Butterfield Senior Center Moves Ahead in Cold Spring
Since the early fall when the senior center lease at the Butterfield redevelopment resulted in scorched earth meetings of the Putnam County Legislature, tempers have cooled as the county hopes the controversial new center is ready before the end of the year.
Legislator Barbara Scuccimarra, who represents Philipstown, confirmed the lease — which was amended and approved several times by the county Legislature in contentious meetings — was signed by both the county executive and Butterfield developer Paul Guillaro and there is now a target date for the center.
“We’re good to go,” she said in an interview.
The senior center planned at the Lahey Pavilion came with much objection and criticism from many Cold Spring residents concerned that the lease favored Guillaro too much. Originally, the center was supposed to be situated in Building Two on the Butterfield campus, but it was then switched over to Lahey.
Scuccimarra said the hope is once Building Two on campus is complete and doctors offices in the Lahey Pavilion are moved over, the renovation on the senior center can begin and continue through the summer.
Scuccimarra also said the funding is there to get the project done. Scuccimarra, Office for Senior Resources officials, and the architect met with seniors roughly two months ago to update them on what it’s going to look like inside.
“Hopefully, by fall, we’ll have some seniors in there,” Scuccimarra, a tireless advocate for the center, said. “Wouldn’t that be wonderful.”
But until last Friday afternoon, the village was waiting to get an important piece of information that dates back to when the planning board OKd the change from Building Two to the Lahey Pavilion last year.
Matt Francisco, the village planning board chairman, said the lease between the county and Guillaro was supposed to be given to the village over the summer. Part of the lease states that seniors that instead of them driving individually to prevent an overflow of parking onto the street.
On March 3 (last Friday), the deputy county attorney sent the village a document that he said was the lease, Francisco said. The day before, on March 2, The Putnam Examiner sent Guillaro an email inquiring why the village was still waiting for the lease. That email and past phone calls to his office have not been returned.
Guillaro, the applicant for the project, has yet to personally send over the lease, Francisco said Monday afternoon.
Francisco said while the site has “insufficient parking,” the board was willing to go ahead without worsening the parking issues by requesting county busing. He said the prior planning board, led by Barney Molloy, approved a sub-standard site plan. Molloy didn’t return an email seeking comment.
Francisco said on Aug. 25 the planning board adopted a modification to the lease condition stating if the county doesn’t go forward with senior center plans and a copy of the lease is never received, then the space would be assumed for retail, requiring another 28 parking spaces.

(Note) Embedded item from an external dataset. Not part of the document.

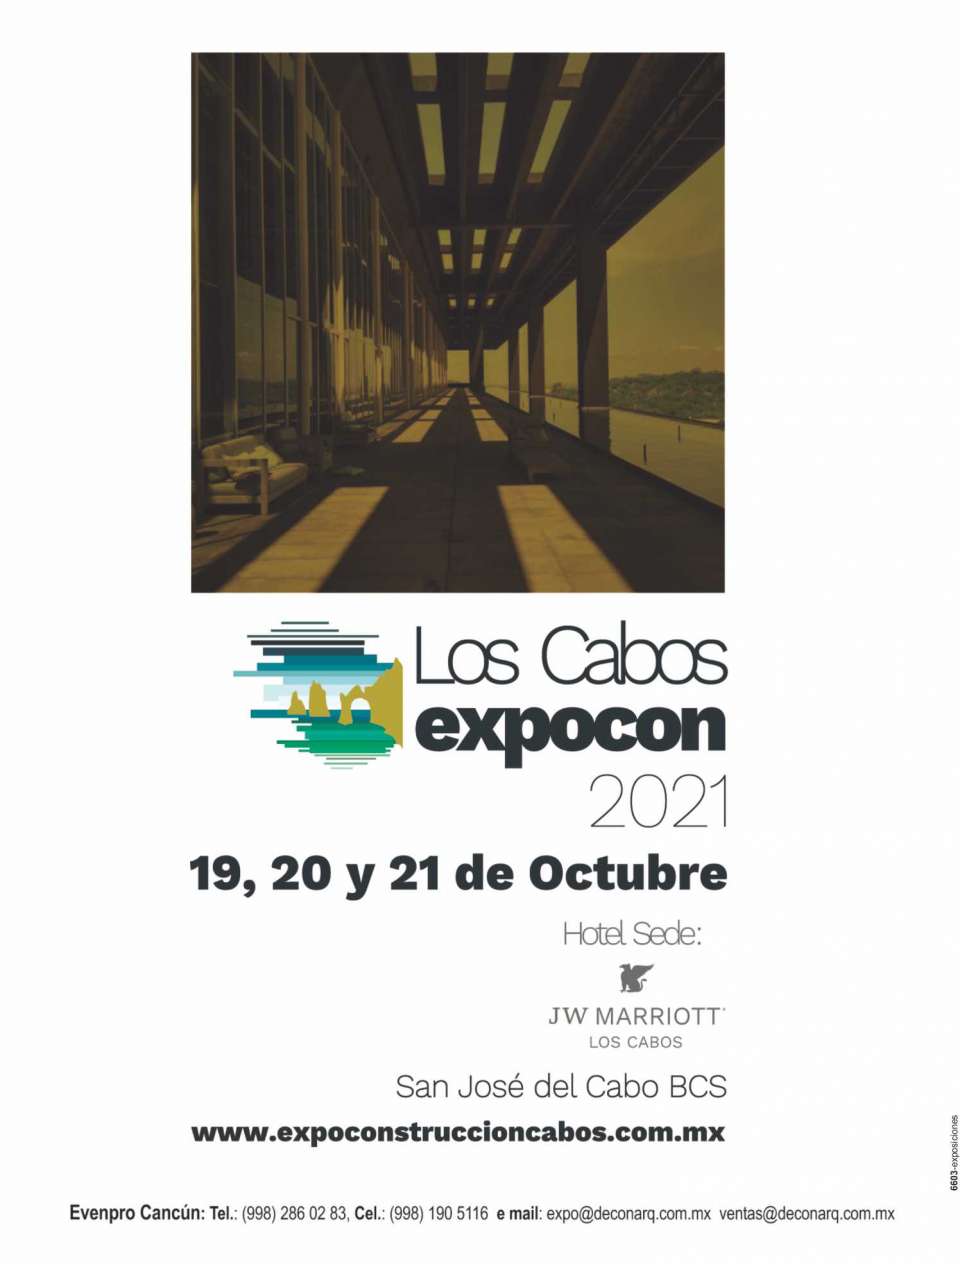 Expo Construccion Los Cabos del 19 al 21 de Octubre 2021 en San Jose del Cabo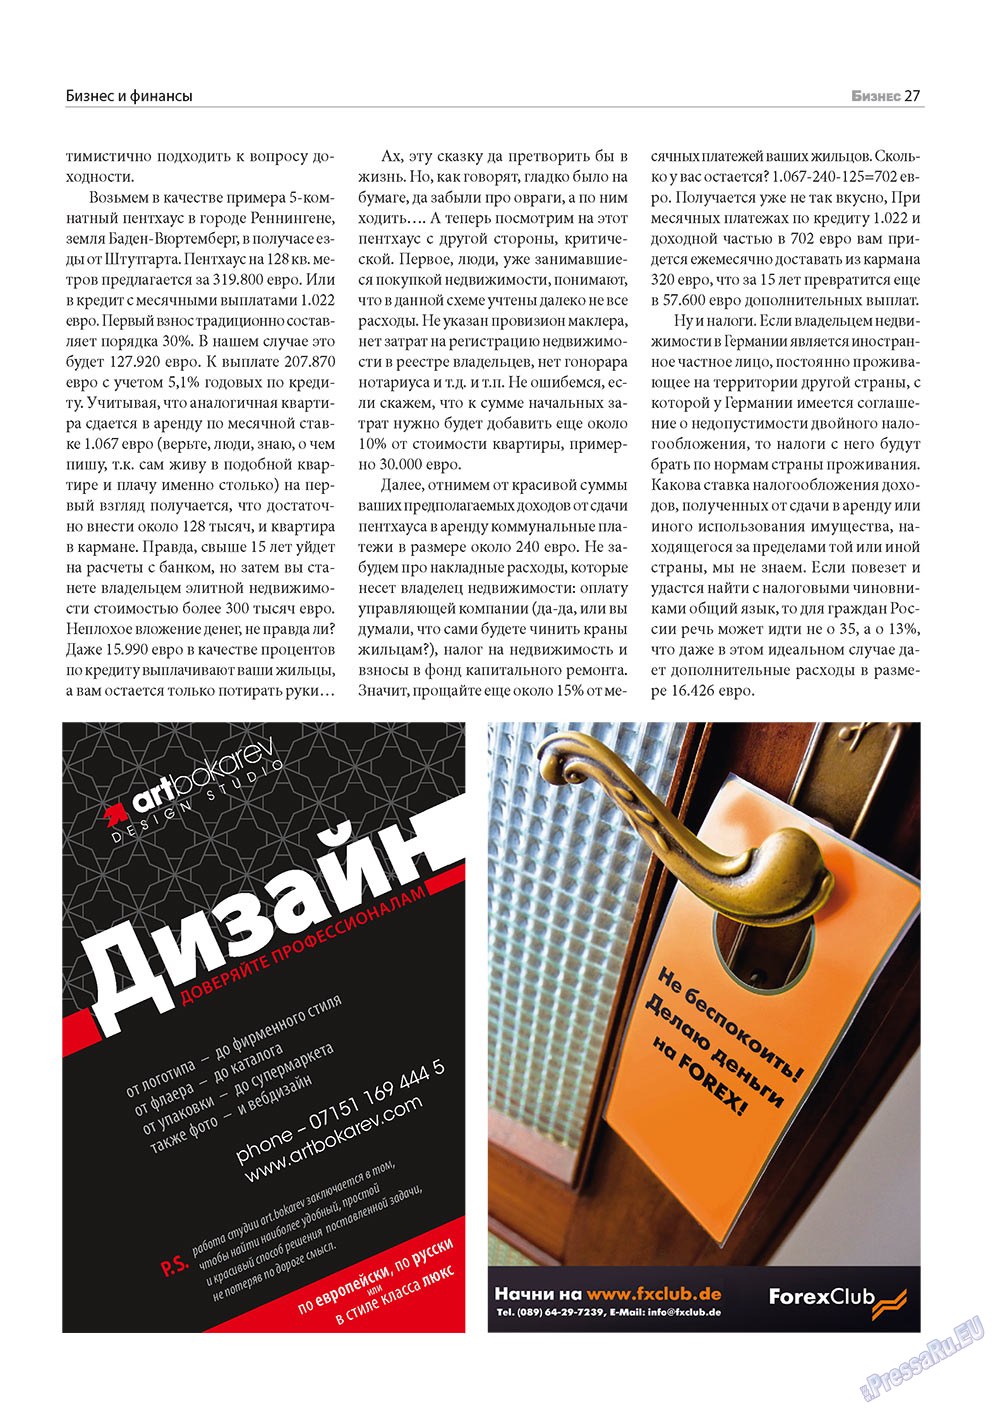 Business (Zeitschrift). 2010 Jahr, Ausgabe 11, Seite 27

“If you bus the people over, then we’re going to realize you’re not going to need parking,” Francisco said. “It’s not by any means a perfect situation.”
Guillaro and the village have long been at odds during the approval process.
Guillaro has threatened legal action against the village by filing a notice of claim that alleges the village intentionally hampered Butterfield getting approvals once Mayor Dave Merandy took office.
Merandy, who is up for reelection this month, dismissed the claims by Guillaro and stressed the village has followed the law throughout. His challenger, Alison Anthoine, has argued Merandy hurt the project’s process and, if elected, she would attempt to settle any legal disputes the village is facing.
Francisco said the public record doesn’t support any delay, but shows the board’s unending effort to work with the applicant. He said the project slowed because Guillaro requested changes to the site plan and wouldn’t give information to the village for several months.
“The planning board accommodated him at every single turn,” he said.
Guillaro and Francisco have butted heads before including through written correspondence, with Guillaro sending a threatening letter to the planning board in August 2016 because the board hadn’t yet issued a permit for Building Two as the planning board members awaited the
lease for the senior center at Lahey (the final tweaks to the lease were approved by the county Legislature in the fall.) He claimed in the letter that Francisco and the village administration were latching onto the issue to further the delay the progress at the site.
He wrote the delays have stalled the project by more than a year and resulted in high costs and that was the planning board’s “intent from the start.” He added because of the village, he wasn’t able to get Hudson Valley New York Presbyterian in Building Two by last November.
“As I noted in prior communications, the damages continue to mount,” Guillaro wrote in the Aug. 15, 2016 letter.
But Francisco fired back in a letter two days later, stating the blame for delays only falls on Guillaro. He noted it’s not the planning board’s fault that the county still hadn’t approved a lease for the senior center at that point and that Guillaro chose to amend an already approved site plan. Francisco also wrote it took Guillaro time to deliver an amended site plan for the planning board to sign off on in August and other necessary information as reasons for the delay.
“I have asked for a status update on the County lease as it is a central condition of the approval,” Francisco wrote in his Aug. 17 letter. “To date I have not received any response.”